Title: Cavern Girl, a memoir
Word Count: 2,154


It’s been thirty years at least since I’ve seen my father. I only think about him on Father’s Day, around the holidays, especially Thanksgiving because of the Feed the Homeless Walk, and during extremes temperatures because I often wonder if he’s safe.

It gets cold in the city and I’m always thinking about the less fortunate. Growing up homeless people were everywhere.

Once when my sister and brother were walking home we passed a group of drunks. And I don’t know what they said to get my sister to give them her scarf, but she did. It’s funny thinking back on it. My mother always adds how she went back to the liquor store on the corner where they were and snatched her scarf from the drunk’s head. My mother was gangster. She had no problem standing up for herself.

My children haven’t met my father. They don’t understand and the conversation always start off with, “Can we go see him? Can you call him? How does he look? Is he Indian? Do you look like him? Where is he?
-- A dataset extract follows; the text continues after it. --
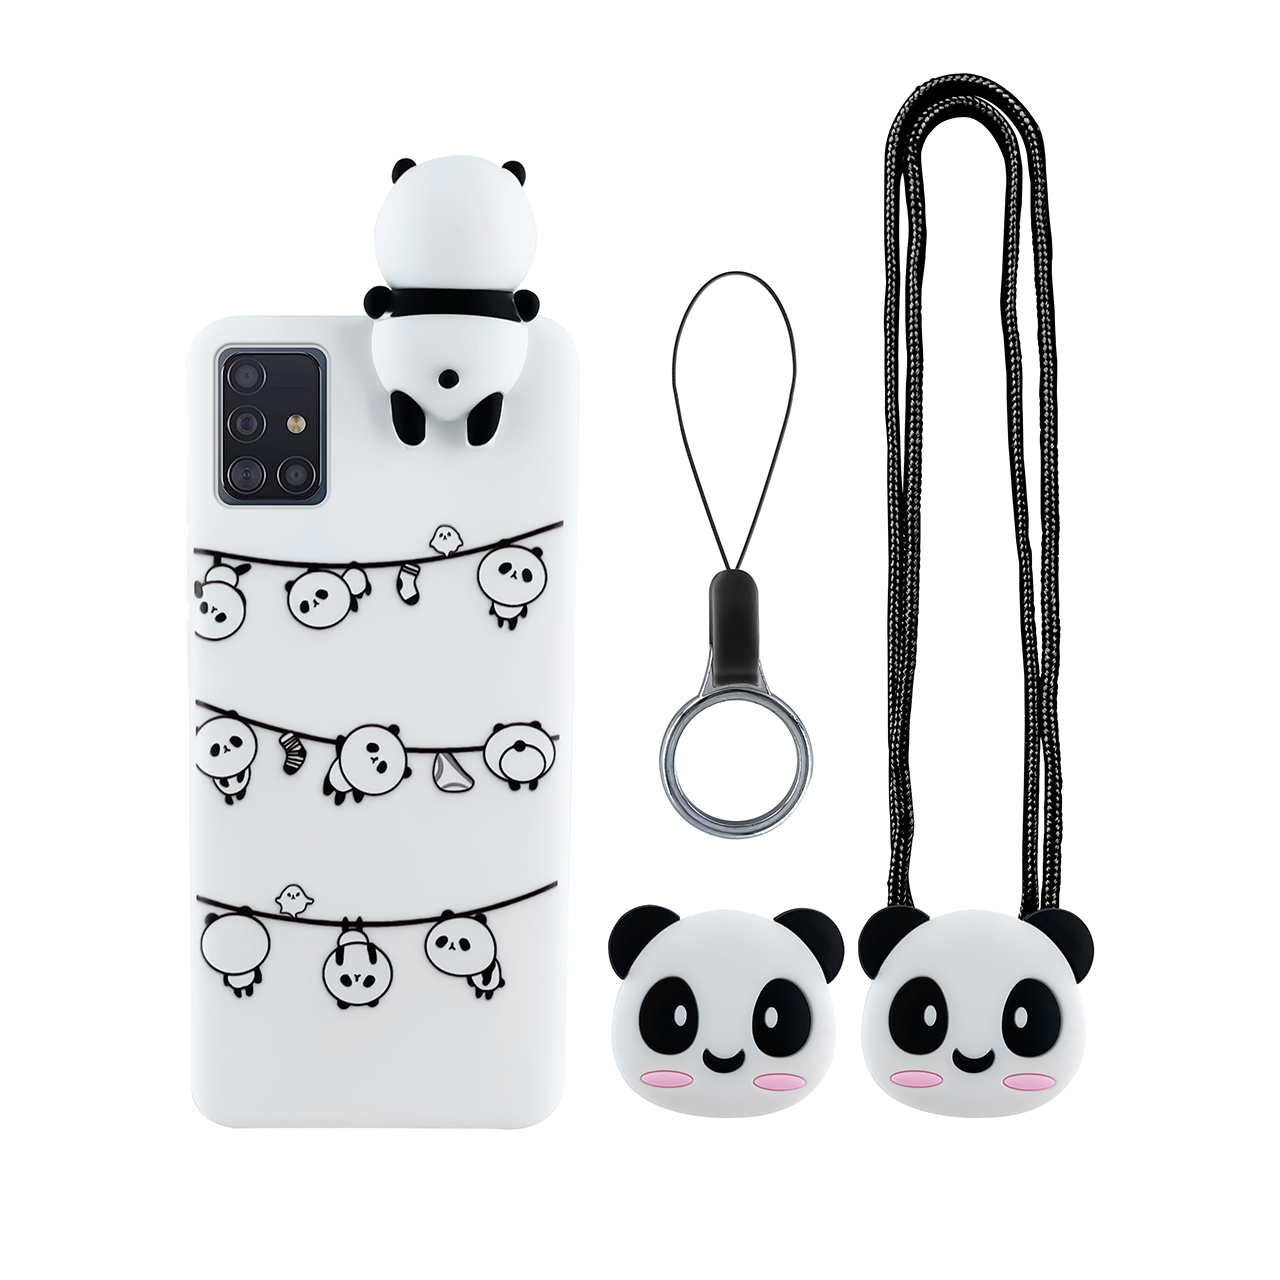 کاور دکین مدل Armon طرح Panda مناسب برای گوشی موبایل سامسونگ Galaxy A51 به همراه بند و آویز و پایه نگهدارنده

And I always say, “No, because I don’t know where he lives. Last I heard, he lived uptown. He used to live on Pennsylvania Avenue. And I’d see him years ago when I went to H Street. He’s an addict.

They’d ask, “Can you call your Aunt, maybe she knows where he is.”
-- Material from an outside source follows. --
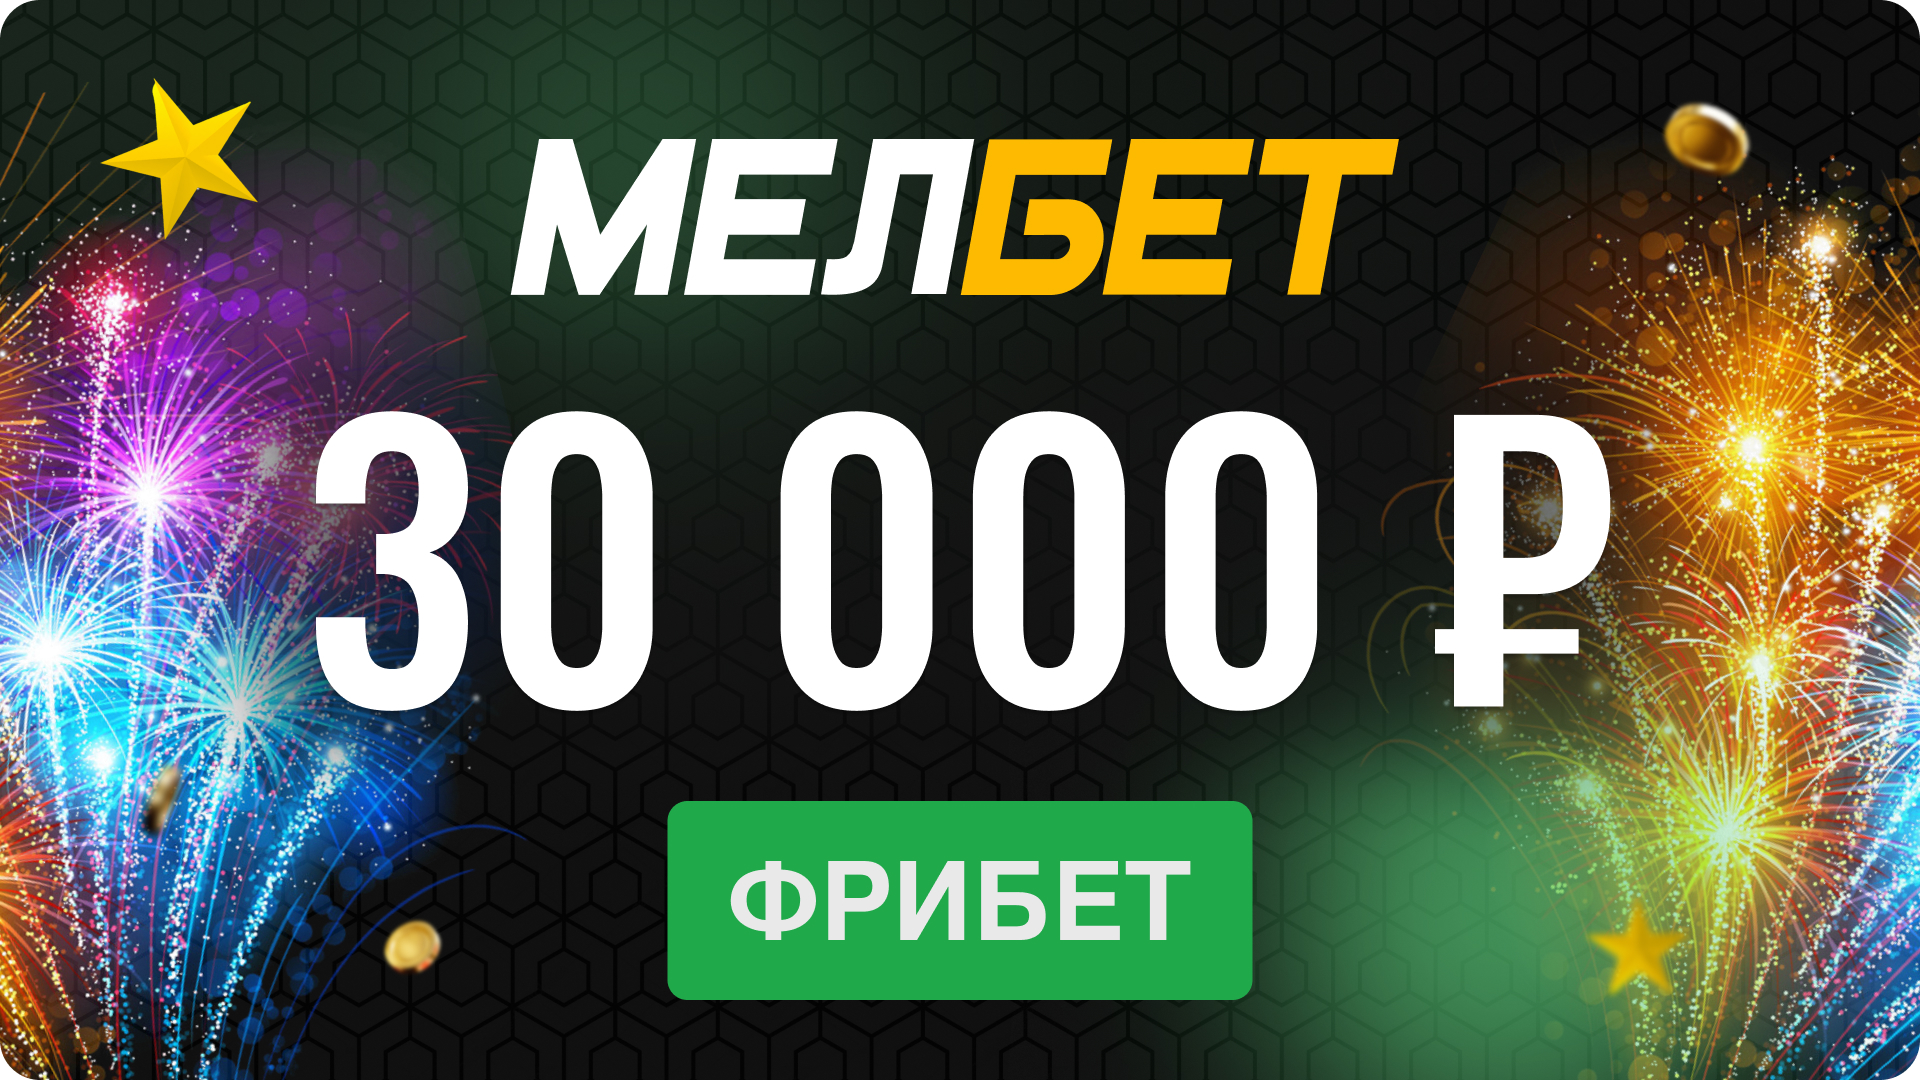 Промокод в Мелбет: бонус до 30000 рублей за регистрацию

“I don’t talk to her either. Last I heard, she lost her house and she’s doesn’t keep in touch. I saw my cousin Tasha and she changed her number soon after giving it to me at the Giant.”
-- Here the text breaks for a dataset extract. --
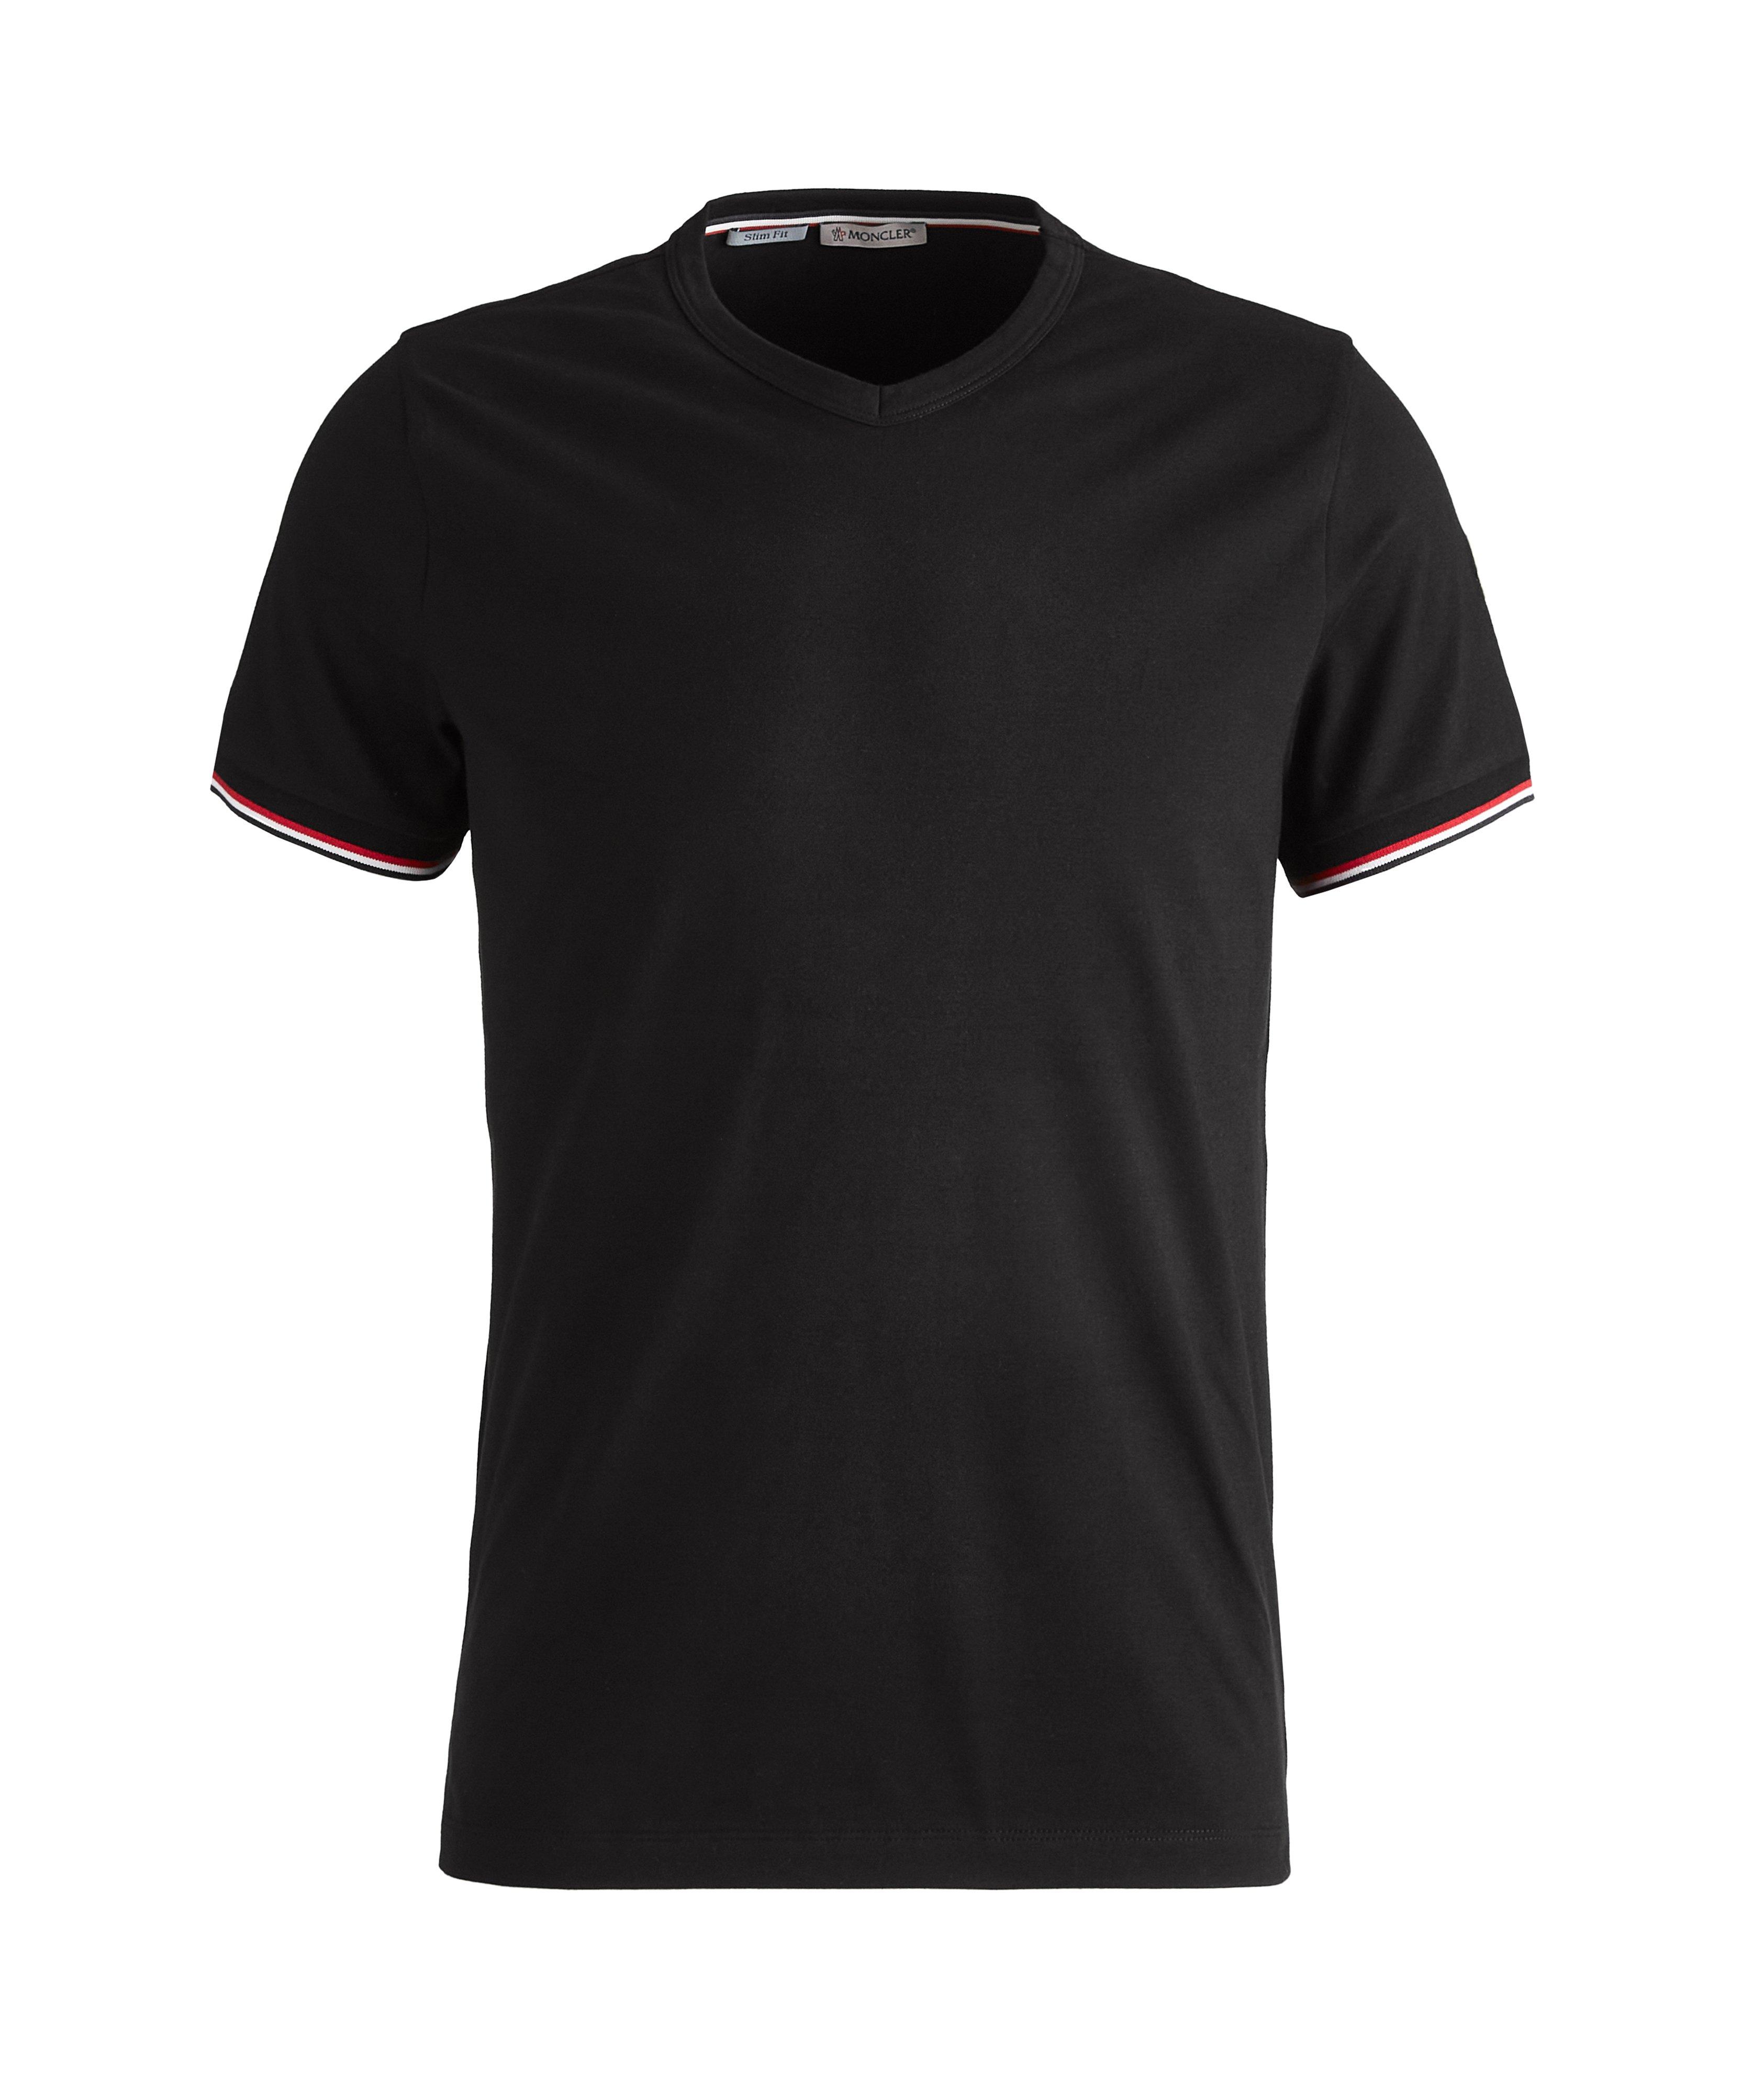 T-shirt Scollo en coton extensible à encolure en V image 0

“What you mean she changed her number.”

“She changed her number. I saw her on a Saturday. A week later I reached out and the number wasn’t working. I don’t think she wanted to keep in touch. Maybe she felt some kinda way because they weren’t in the house anymore.

“What you mean?”

“When people go through things and they’re accustomed to living one way and then they’re living in their opinion, below their standards, they don’t want anyone to come around.”

I really want to see my dad thought. I want to see how he looks. I want to look in his eyes and see what he has grown to be. I want to be proud, so I picture him well-groomed, with a smile from the inside out. He’d be the man my mother fell in love with—my oldest brother’s reflection. I try to remember his eyes, which thirty years removed never looked down.

Wishing away my father’s story used to be something I daydreamed about, but not so much now. I am open to accepting him as smelly. A poster-child for Washington, D.C.’s homeless population and mentally ill.

A part of me is curious to know what he eats for breakfast, lunch, and dinner. Does he sleep in a comfortable bed or in one of those tents the city donates? Is his blankets clean? Does he speak about his life, even though I know that his memories will not resemble my own? Am I a worthwhile character in his stories to his friends or strangers? 

I hope he screams out my name if he is like the rambling mentally ill I’ve encountered on the city streets. Or like the subway preacher who in her mind preaches to her congregation. I want my father to be radical for me. Whooping and hollering my name like how the subway preacher calls on Jesus. 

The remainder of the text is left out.